2. A method of fabricating a biomedical device comprising the steps of:

(a) providing a substrate of a dimethyl phenyl-substituted siloxane;

(b) ablating said substrate by ultraviolet laser ultraviolet radiation.

3. The method of claim 1 or 2 wherein the degree of substitution of phenyl groups in said siloxane is from 5 to 95 mol%.

4. The method of claim 1 or 2 wherein the degree of substitution of phenyl groups in said siloxane is from 10 to 30 mol%.

5. The method of claim 1 or 2 wherein said siloxane includes silica filler.

6. The method of claim 1 or 2 wherein said ablating is conducted by a laser beam having a fluence of about 1 to about 50 joules/cm²/pulse.

7. The method of claim 1 wherein said article has at least one hole perforated therein by said ablating.

8. The method of claim 1 wherein said article is rendered microporous by said ablating.

9. The method of claim 1 wherein the surface of said article is textured by said ablating.

10. The method of claim 2 wherein said substrate includes electrically conductive metal.

11. The method of claim 10 wherein said metal is embedded in said substrate.

12. The method of claim 10 or 11 wherein said metal is exposed by step (b) .

13. The method of claim 10 wherein said substrate is an electrode comprising an electrically conductive probe coated with said siloxane.

14. The method of claim 13 wherein said electrode is a microelectrode.

15. The method of claim 13 wherein said electrode is a stimulating electrode.

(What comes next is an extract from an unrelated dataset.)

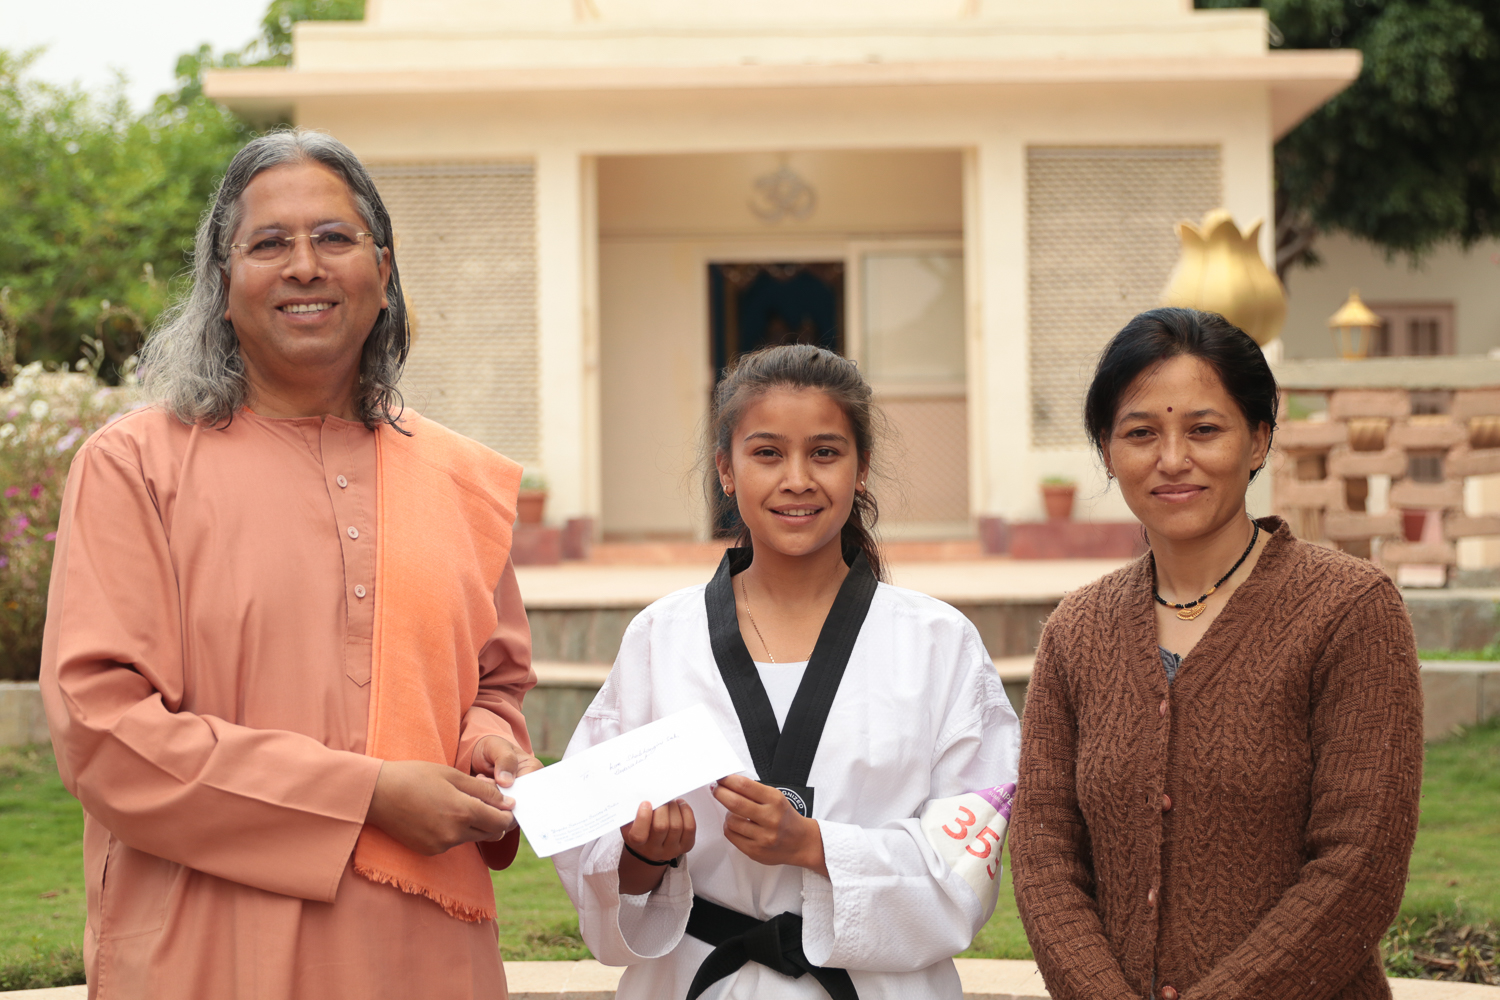 Swami Vasudevananda presents scholarship to Kum. Alisha, a third year engineering student

16. The method of claim 13 wherein said electrode is a sensing electrode.

17. The method of claim 13 wherein said probe is coated with a coating of said siloxane having a thickness of 5 to 150 microns.

18. The method of claim 13 wherein said probe has an array of electrodes.

19. The method of claim 18 wherein said array of electrodes is spatially distributed on said probe.

20. The method of claim 19 wherein each electrode in said array of electrodes has an associated electrical conductor.